Requirement: Using the listing below, please print exactly the lines from the one with "cg-62 uss chancellorsville" through the one with "plix the plant". Leave out every picture.

Data shown:
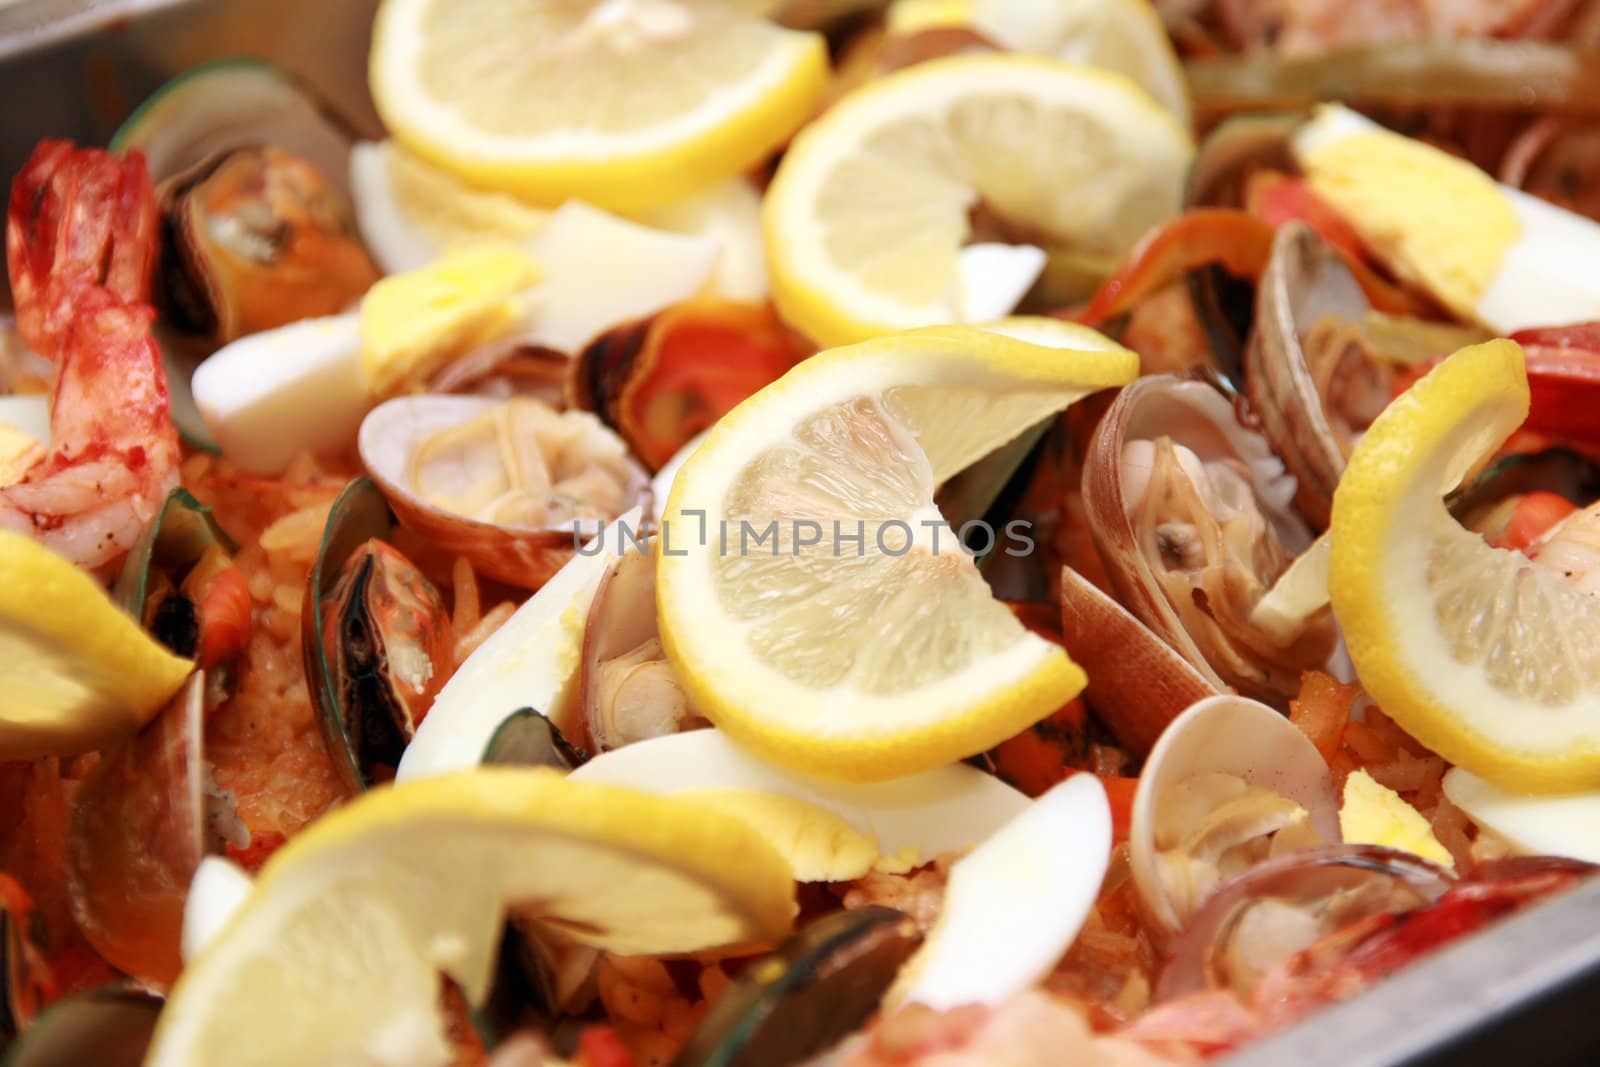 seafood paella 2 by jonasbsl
...
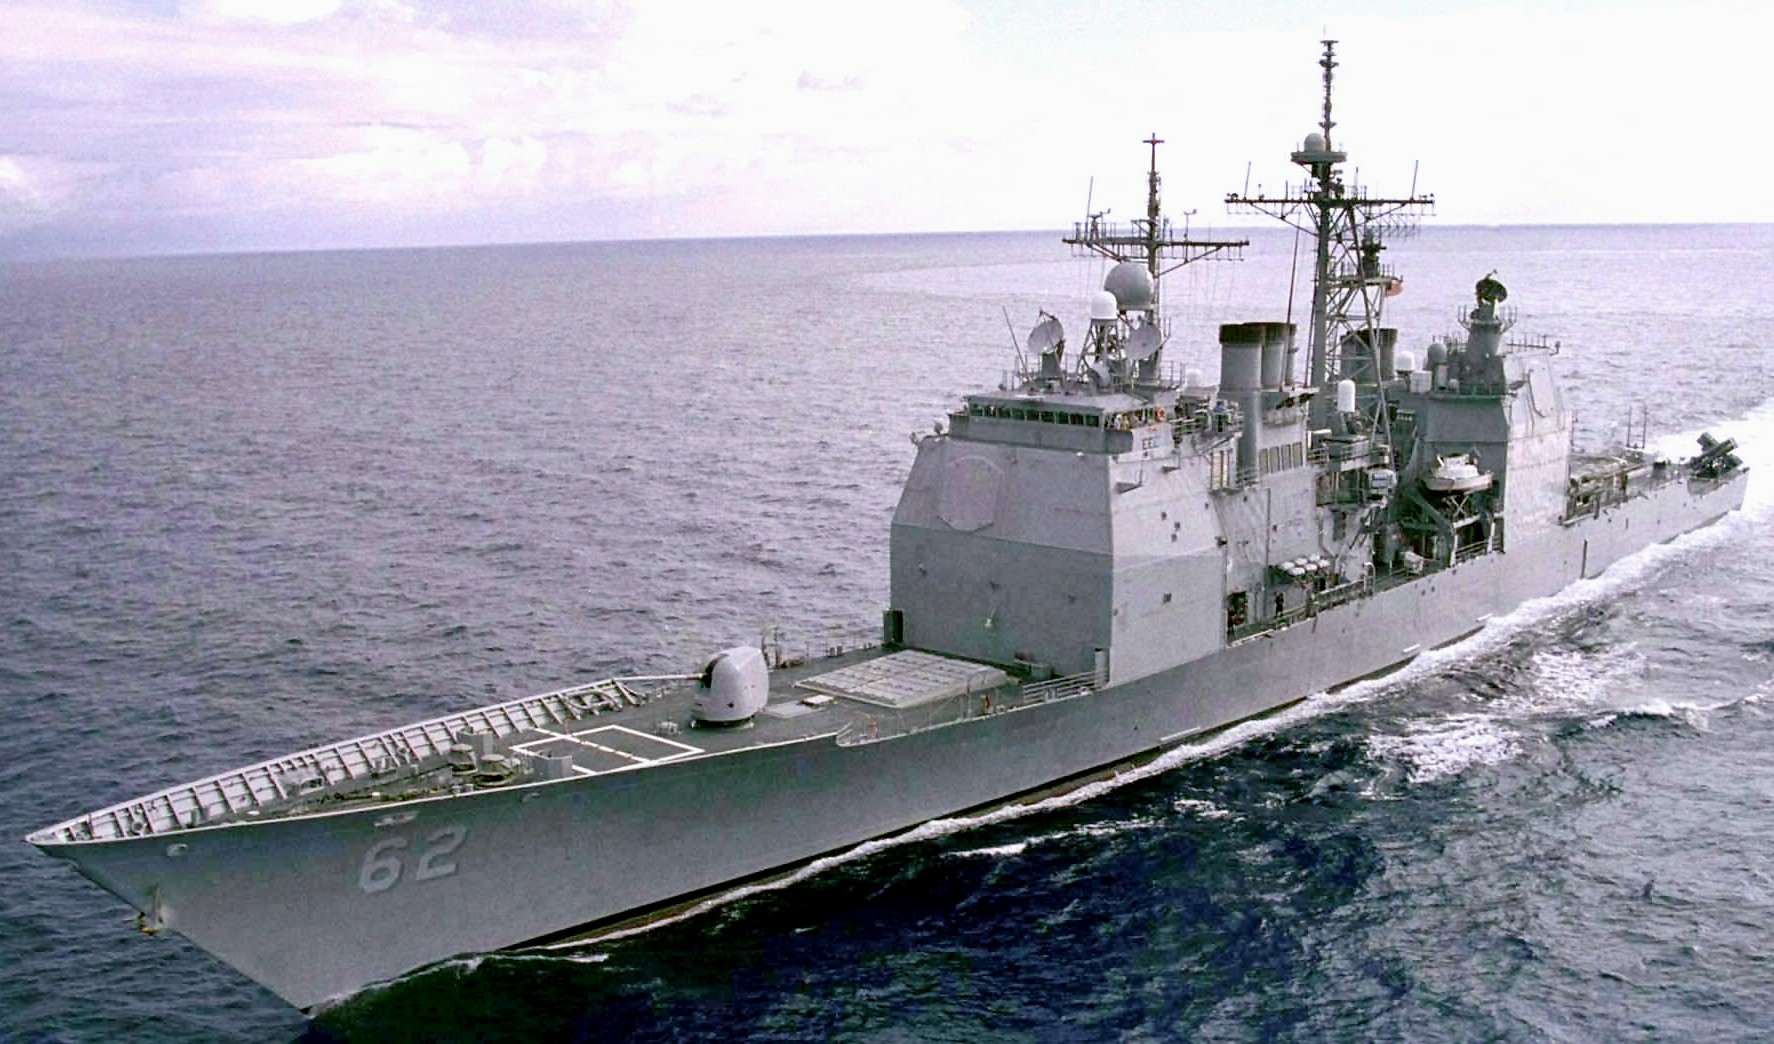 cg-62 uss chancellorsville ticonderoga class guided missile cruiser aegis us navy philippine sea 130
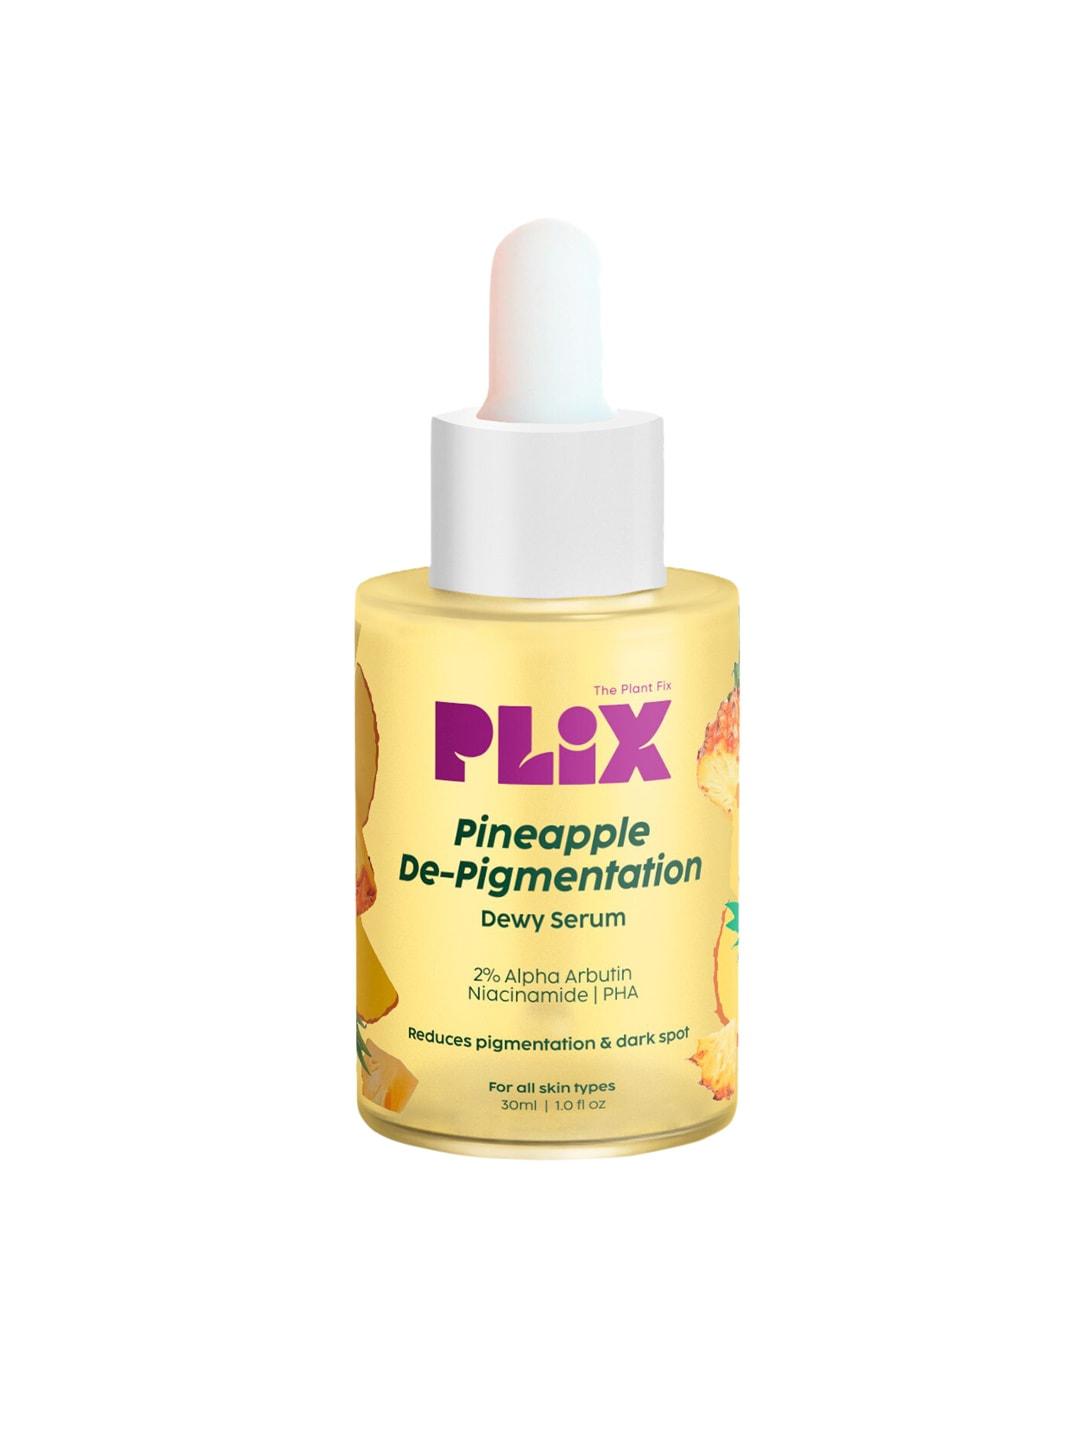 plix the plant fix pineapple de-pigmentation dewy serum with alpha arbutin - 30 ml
--
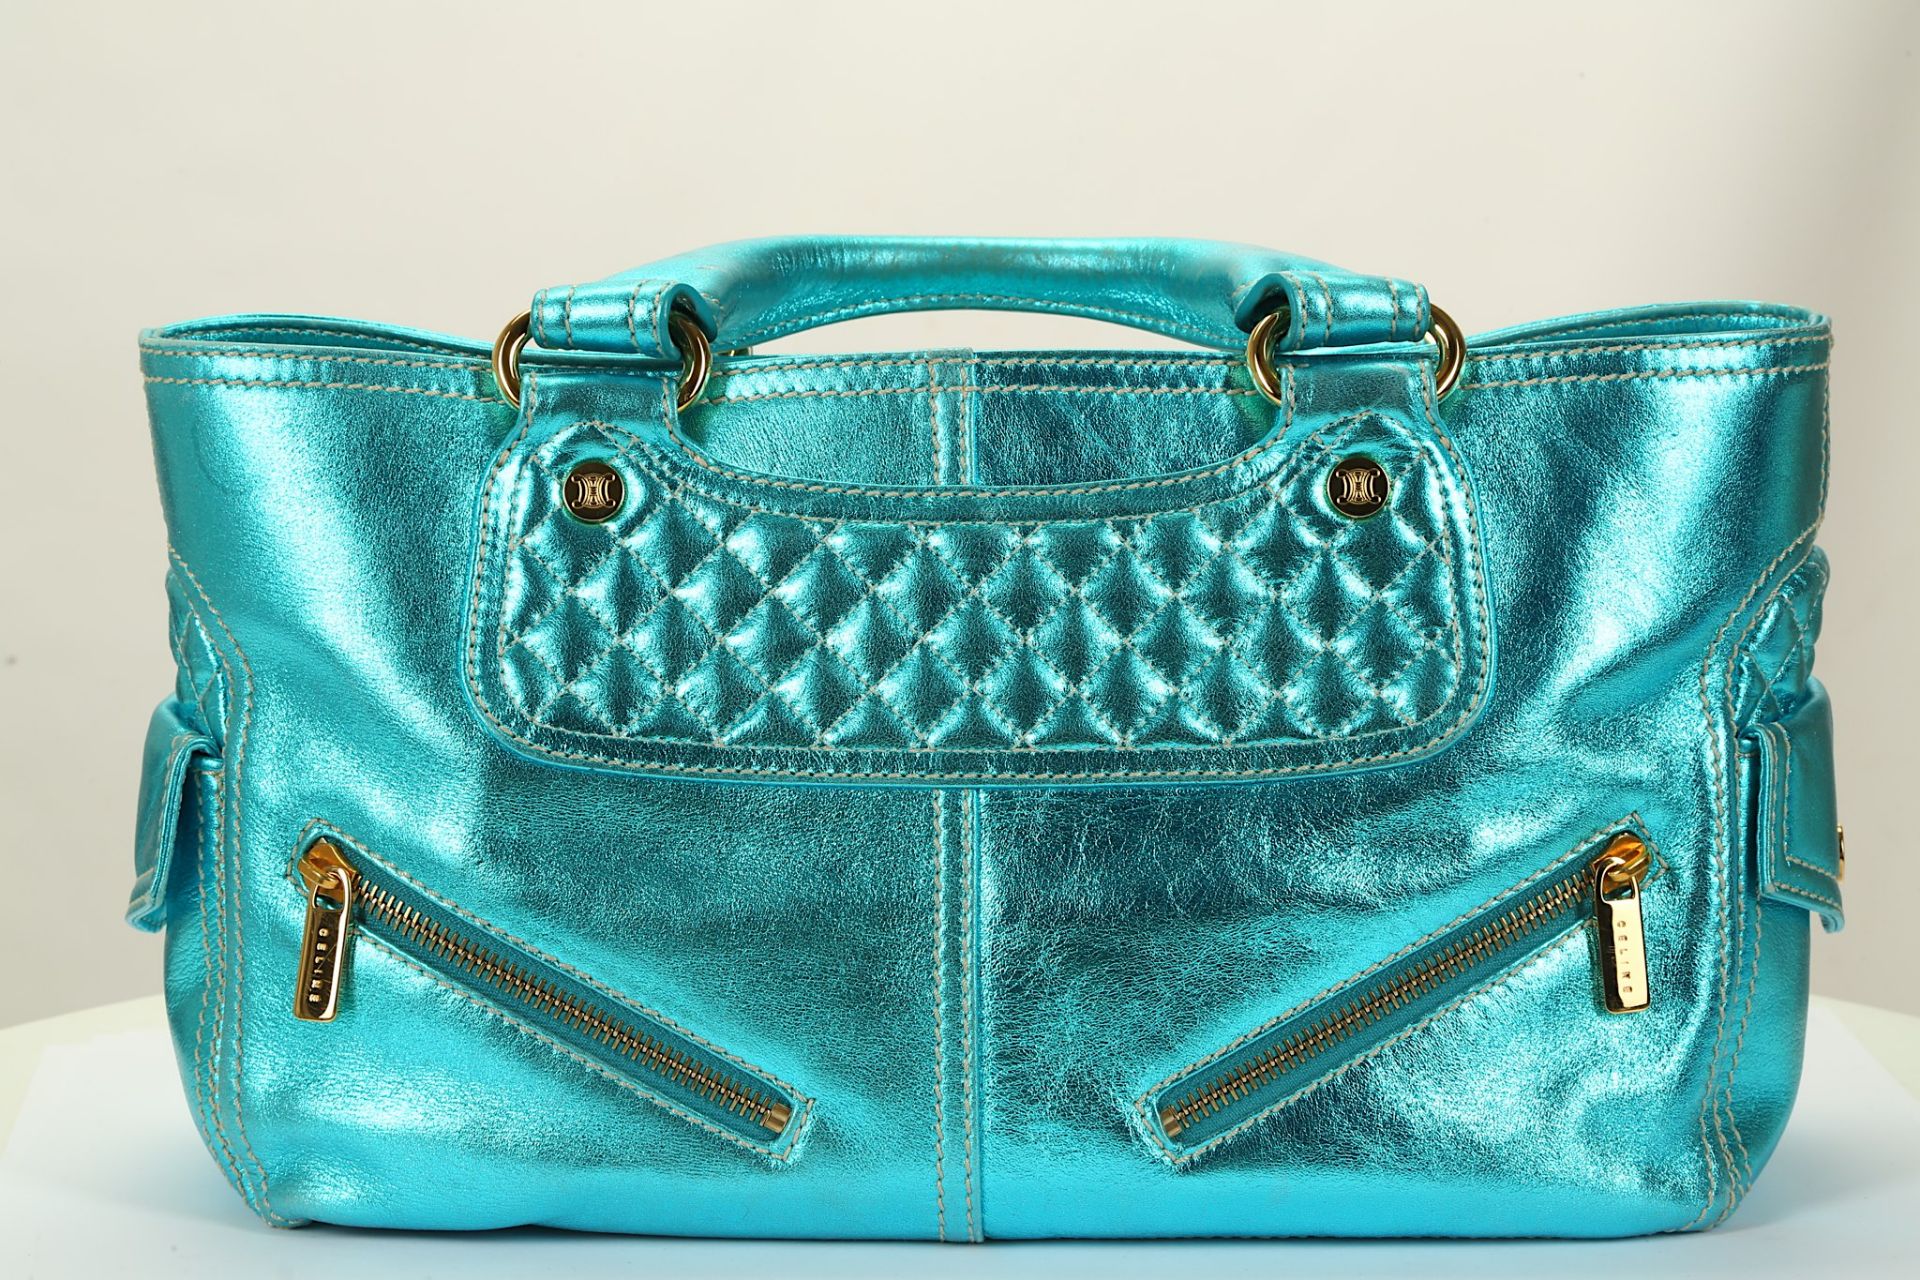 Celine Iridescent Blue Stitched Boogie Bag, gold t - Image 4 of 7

Response to this exercise:
 cg-62 uss chancellorsville ticonderoga class guided missile cruiser aegis us navy philippine sea 130
 plix the plant fix pineapple de-pigmentation dewy serum with alpha arbutin - 30 ml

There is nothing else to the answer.